The unique toxicity profile of ceftriaxone can be understood as a "precipitation cascade." The drug's fundamental physicochemical property—its propensity to precipitate with calcium—manifests across multiple organ systems due to its high concentrations in both bile and urine. This single underlying mechanism connects the seemingly disparate adverse events of biliary pseudolithiasis, secondary pancreatitis, and renal urolithiasis, providing a unified framework for understanding its most significant non-allergic risks.

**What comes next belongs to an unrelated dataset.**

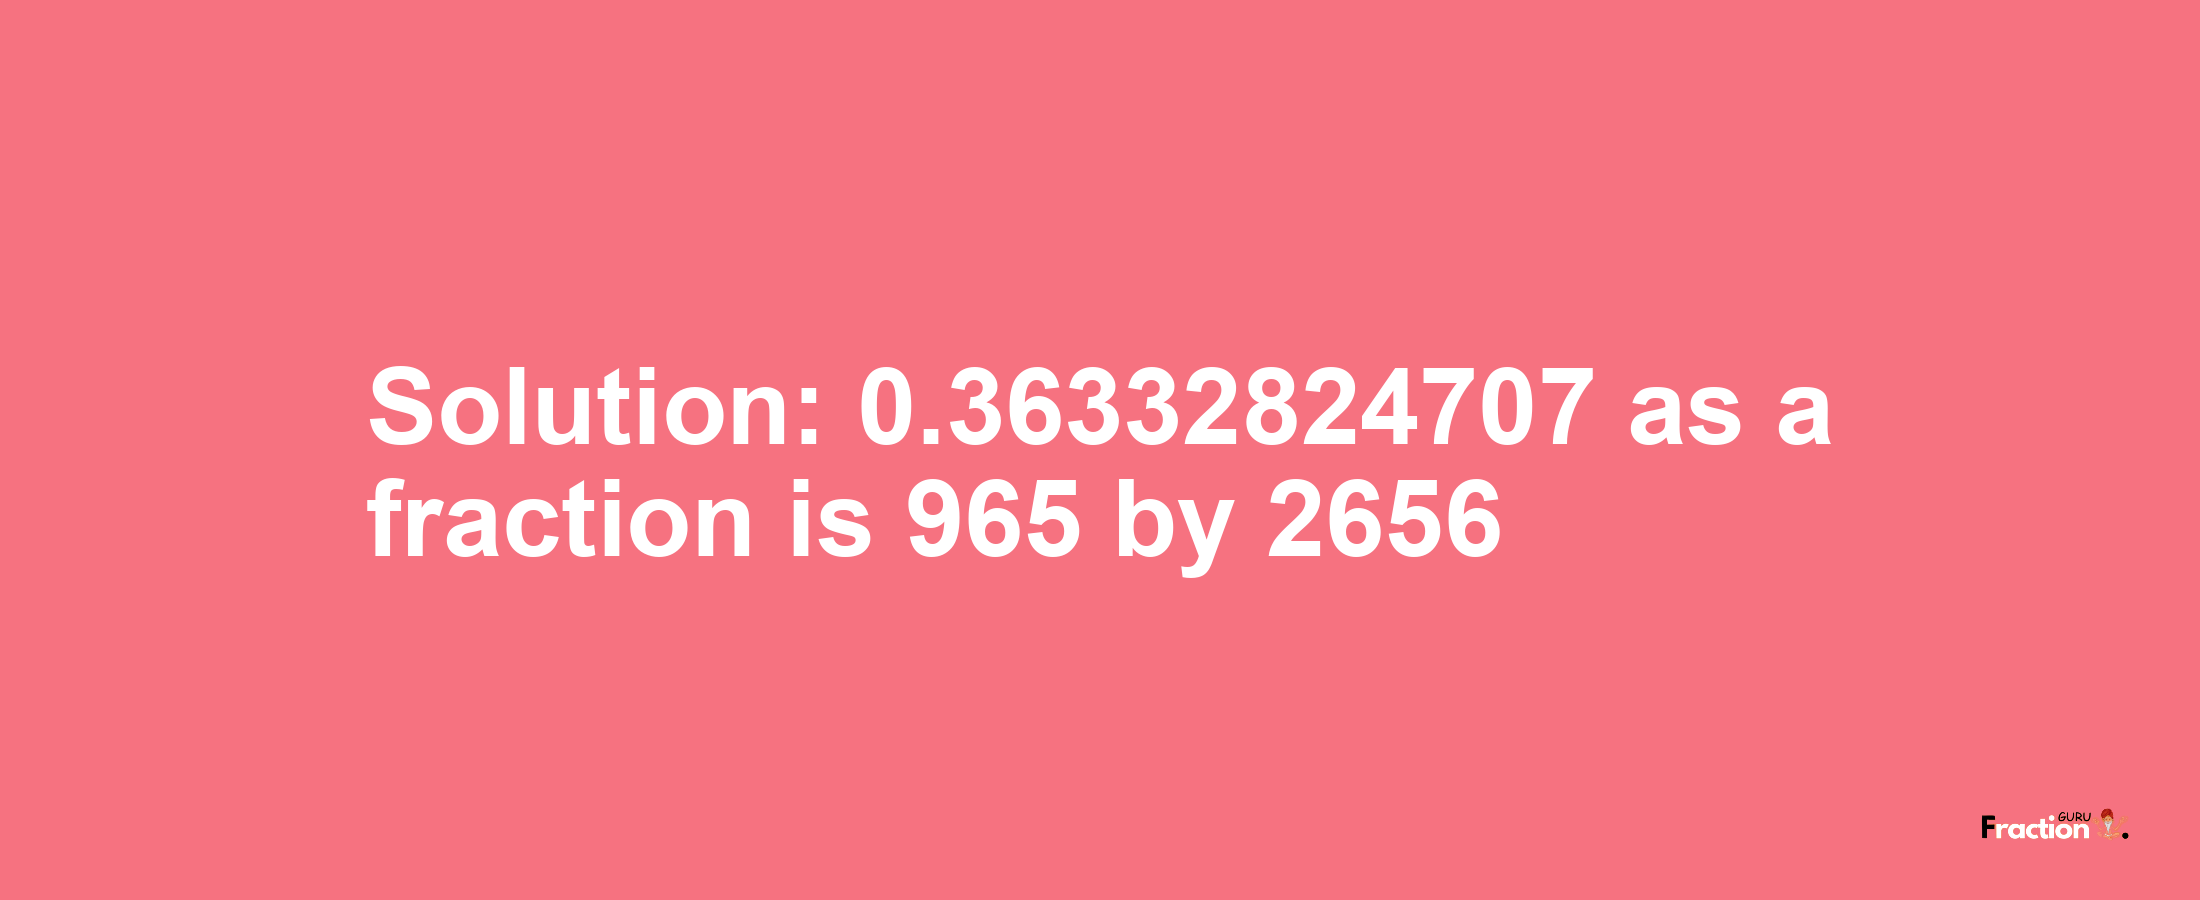 Solution:0.36332824707 as a fraction is 965/2656

Table 8.1: Adverse Reactions to Ceftriaxone by System Organ Class and Frequency

System Organ Class	Frequency	Adverse Reaction(s)
Local Reactions	Common (1-10%)	Pain, induration, tenderness at injection site; phlebitis after IV administration 17
Hypersensitivity	Common (1-10%)	Rash 17
	Uncommon (0.1-1%)	Pruritus, fever, chills 17
	Rare (<0.1%) / Postmarketing	Anaphylaxis, bronchospasm, serum sickness, Stevens-Johnson syndrome, toxic epidermal necrolysis (TEN), acute generalized exanthematous pustulosis (AGEP) 29
Gastrointestinal	Common (1-10%)	Diarrhea 17
	Uncommon (0.1-1%)	Nausea, vomiting, dysgeusia (taste change) 17
	Rare (<0.1%) / Postmarketing	Pseudomembranous colitis (C. difficile-associated diarrhea), pancreatitis, stomatitis, glossitis 29
Hepatic / Biliary	Common (1-10%)	Elevations of SGOT (AST) and SGPT (ALT) 17
	Uncommon (0.1-1%)	Elevations of alkaline phosphatase and bilirubin 17
	Rare (<0.1%) / Postmarketing	Biliary pseudolithiasis (sludge/gallstones), cholestatic jaundice, hepatitis 1
Hematologic	Common (1-10%)	Eosinophilia, thrombocytosis, leukopenia 17
	Uncommon (0.1-1%)	Anemia, neutropenia, lymphopenia, thrombocytopenia, prolongation of prothrombin time 17
	Rare (<0.1%) / Postmarketing	Immune-mediated hemolytic anemia (can be fatal), agranulocytosis, bleeding 29
Renal	Common (1-10%)	Elevations of BUN 17
	Uncommon (0.1-1%)	Elevations of creatinine, presence of urinary casts 17
	Rare (<0.1%) / Postmarketing	Renal precipitations (urolithiasis), ureteric obstruction, post-renal acute renal failure 9
Nervous System	Uncommon (0.1-1%)	Headache, dizziness 17
	Rare (<0.1%) / Postmarketing	Seizures, encephalopathy (confusion, somnolence), myoclonus, vertigo, kernicterus (in neonates) 9

9.0 Contraindications, Warnings, and Drug Interactions

The safe use of ceftriaxone is critically dependent on adherence to its specific contraindications and an awareness of its significant warnings and potential drug interactions.

9.1 Absolute Contraindications

There are several situations in which the use of ceftriaxone is absolutely contraindicated due to the risk of severe or fatal adverse outcomes.

Hypersensitivity: Ceftriaxone is contraindicated in patients with a known history of hypersensitivity to ceftriaxone or any other cephalosporin antibiotic. Caution is also warranted in patients with a history of severe, immediate-type hypersensitivity reactions (e.g., anaphylaxis) to penicillins or other beta-lactam agents due to the potential for cross-reactivity.[9]
Neonates (Age ≤ 28 days): The neonatal population has two critical contraindications:

Concurrent use with Calcium-Containing IV Solutions: Ceftriaxone is strictly contraindicated in neonates if they require (or are expected to require) treatment with IV calcium-containing solutions, including continuous infusions such as parenteral nutrition. Ceftriaxone and calcium must not be administered simultaneously, even through different infusion lines or at different sites, because of the risk of fatal precipitation of ceftriaxone-calcium salt in the lungs and kidneys. This prohibition extends for a period of 48 hours between the administration of ceftriaxone and any calcium-containing product in this age group.[9]
Hyperbilirubinemic Neonates: Ceftriaxone is contraindicated in both premature and term neonates with hyperbilirubinemia (high bilirubin levels). In vitro studies have shown that ceftriaxone can displace bilirubin from its binding sites on serum albumin. This increases the level of free, unbound bilirubin in the blood, which can cross the immature blood-brain barrier and lead to bilirubin encephalopathy, a devastating neurological condition also known as kernicterus.[9]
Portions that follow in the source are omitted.